Despite its recent push to increase its renewable energy capacity, the country continues to generate more than 70% of its total electricity from coal.
But the nation’s coal-fired electricity generation fell by 5% in 2020 due to significantly reduced annual electricity demand as a result of the COVID-19 lockdown.
Some of the major coal power plants in India include the 4.7-GW Vindhyachal Thermal Power Station, the 4.6-GW Mundra Thermal Power Station and the 4-GW Mundra Ultra Mega Power Plant.
3. US – 774 TWh
The US continues to generate a significant amount of its electricity from coal. In 2020, the North American country produced 774 TWh of electricity from coal-fired power plants.
Although that figure still ranks the US as the third-largest coal-generating nation, the fuel now only contributes to 19% of its total electricity production – a huge decline from just seven years ago when it made up 39% of the mix.
Data from the US Energy Information Administration (EIA) shows that between 2010 and the first quarter of 2019, US power firms announced the retirement of more than 546 coal-fired power units – representing about 102GW of generating capacity and roughly a third of the coal fleet that was operating in 2010.
Some of the country’s largest coal plants include the 3.6-GW Scherer Power Plant, the 3.5-GW Plant Bowen, and the 3.3-GW Monroe Power Plant.
The US is also home to North Antelope Rochelle, the world’s biggest coal mine. The site has about 1.9 billion tonnes of proven and probable reserves.
4. Japan – 274 TWh
With a production of 274 TWh in 2020, Japan is ranked fourth in the list of the largest coal-fired power generating countries.
Until the Fukushima Daiichi nuclear disaster in 2011, the nation had traditionally depended on nuclear power generation, as it does not have abundant quantities of domestic reserves of crude oil and natural gas.
But, despite an increased appetite to scale up its share of renewables, Japan currently relies heavily on coal-fired power, with the fuel accounting for 29% of its energy mix.

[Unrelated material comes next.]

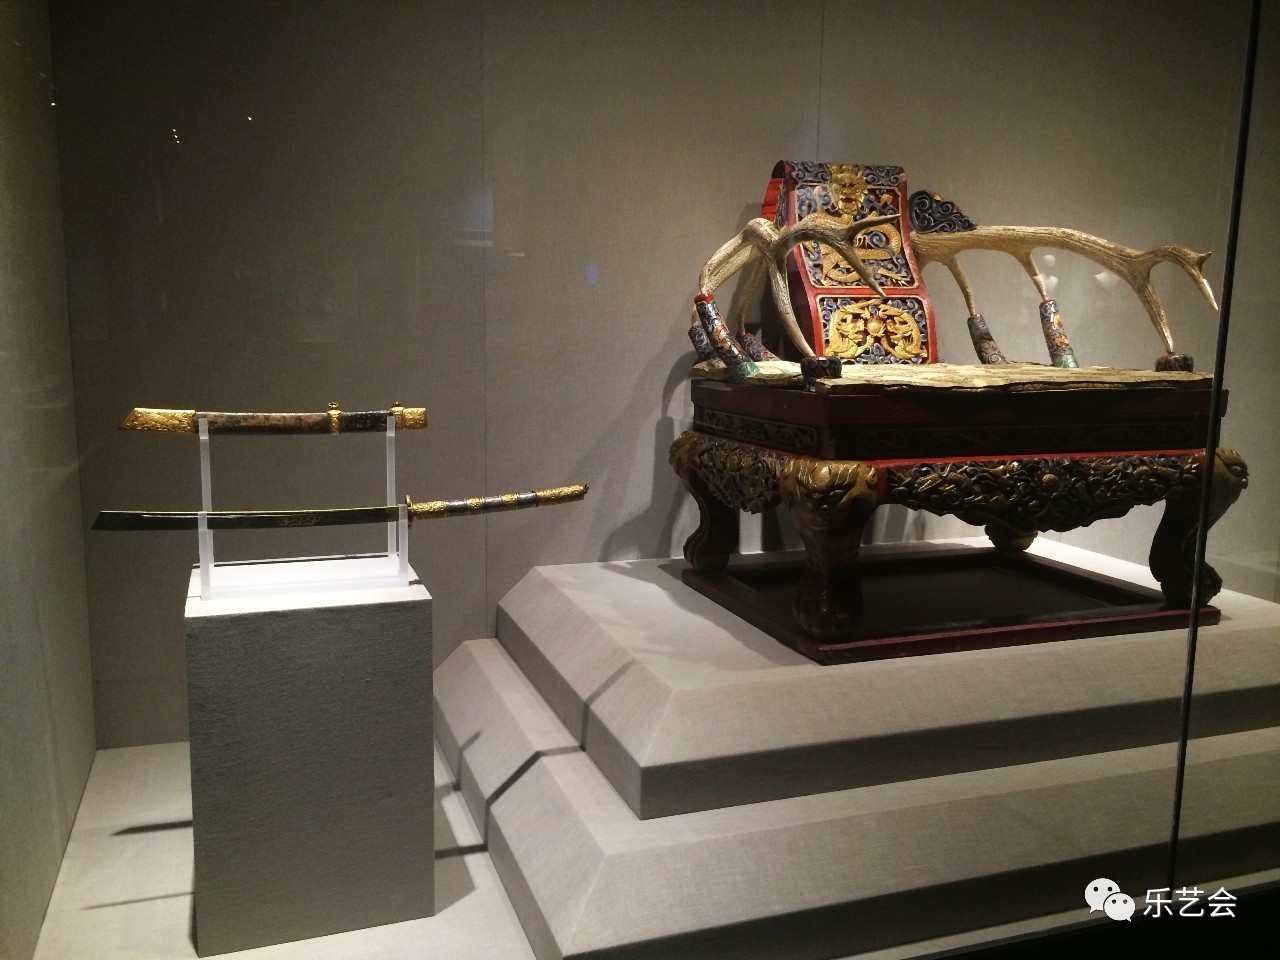 猫:《内蒙古博物院:天骄蒙古--蒙古族历史文化

Major coal power plants in the country include the 4.1-GW Hekinan coal power plant, the 1.8-GW Maizuru power station, and the 1.6-GW Tomatoh-Atsuma power station.
5. South Korea – 192 TWh
South Korea is the fifth-largest coal-fired power generating nation, having produced 192 TWh of electricity from the fuel in 2020.
On announcing the country’s net-zero emissions pledge for 2050 in October 2020, President Moon Jae-in said the nation would bring an end to its coal dependency and replace it with renewables as part of its Green New Deal that was announced in July 2020.
But it will not be an easy task for South Korea – the world’s seventh-highest polluter – as coal currently provides 36% of its power mix.
The 6.1-GW Taean power station, which is the second-largest coal power plant in the world, is based in Chungcheongnam-do.
The Taean power station supplies electricity primarily to the South Korean capital, Seoul, and surrounding regions. The third-largest coal facility in the world, the 6-GW Dangjin Thermal Power Plant, is also located in Chungcheongnam-do.